The Canadian Party of Quebec (Parti canadien du Québec, /fr/) is a provincial political party in Quebec that has announced 30 candidates for the upcoming 2026 Quebec general election, as of its most recent Party Convention, held on June 21, 2026.

The core political philosophy of the Canadian Party of Quebec is what it calls "Canadian Exceptionalism." According to the recent speech to Parliament by its leader: the CaPQ highlighted its position that democratic rights and respect for all citizens is the only culture of a democratic government, which the party believes is best typified by Canada's historical brokering of confederation between anglophone, francophone and native peoples at Canadian Confederation in 1867, establishing the framework for the substantive equality of all Canadians.

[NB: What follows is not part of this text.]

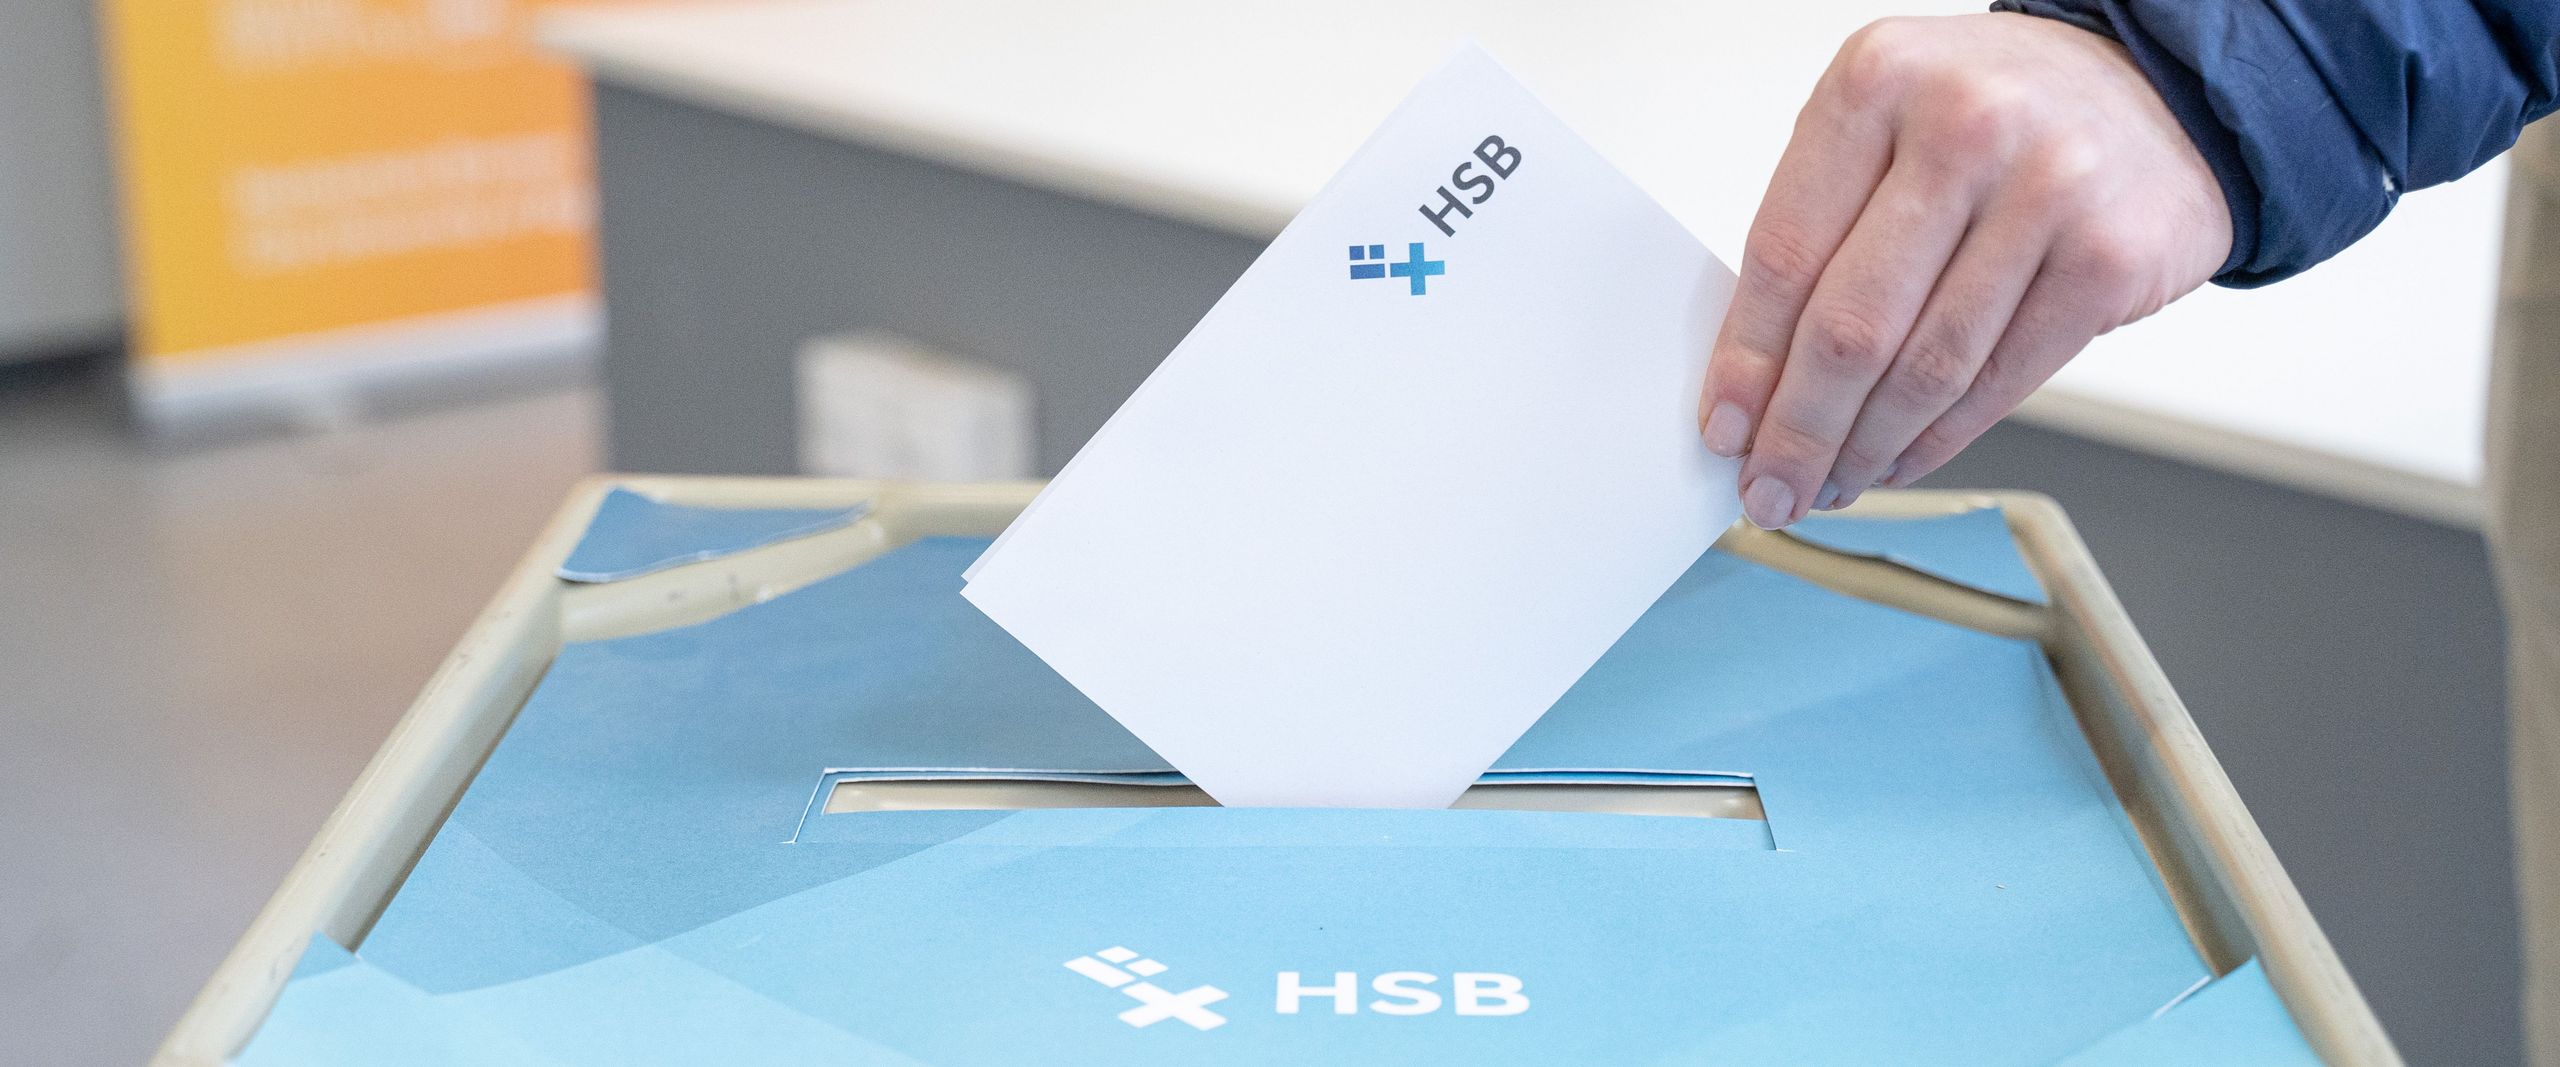 Auf dem Foto ist der Deckel einer Wahlurne im HSB-Design zu erkennen und eine Hand, die einen gefalteten weißen Zettel in die Wahlurne stecken will.

The recent address by the party leader and two other candidates at the Parliamentary Press Gallery communicated its view that Canadian "Exceptionalism", a democratic state-model of legislative and executive neutrality to all nations (cultural, demographic or otherwise: no identity politics), has emerged and been adopted as the accepted model of democracy in the post-WWII order, nearly 80 years after Canadian Confederation. The party cites the key difference to prior democratic philosophies as enabling, what it defines as, “real democracy" in modern times: "exceptionalist” democracies, especially as typified in the democracies of the Americas / New World, are defined and measured by both the neutrality of the state to any nation, group, tribe or identity, as well as the protection of its citizens from government tyranny. The party asserts this does not prevent the use of positive individual rights to ensure cultural and linguistic group protections and vibrancy, but it does exclude assimilationist cultural nationalism and methods deemed illegal under international law.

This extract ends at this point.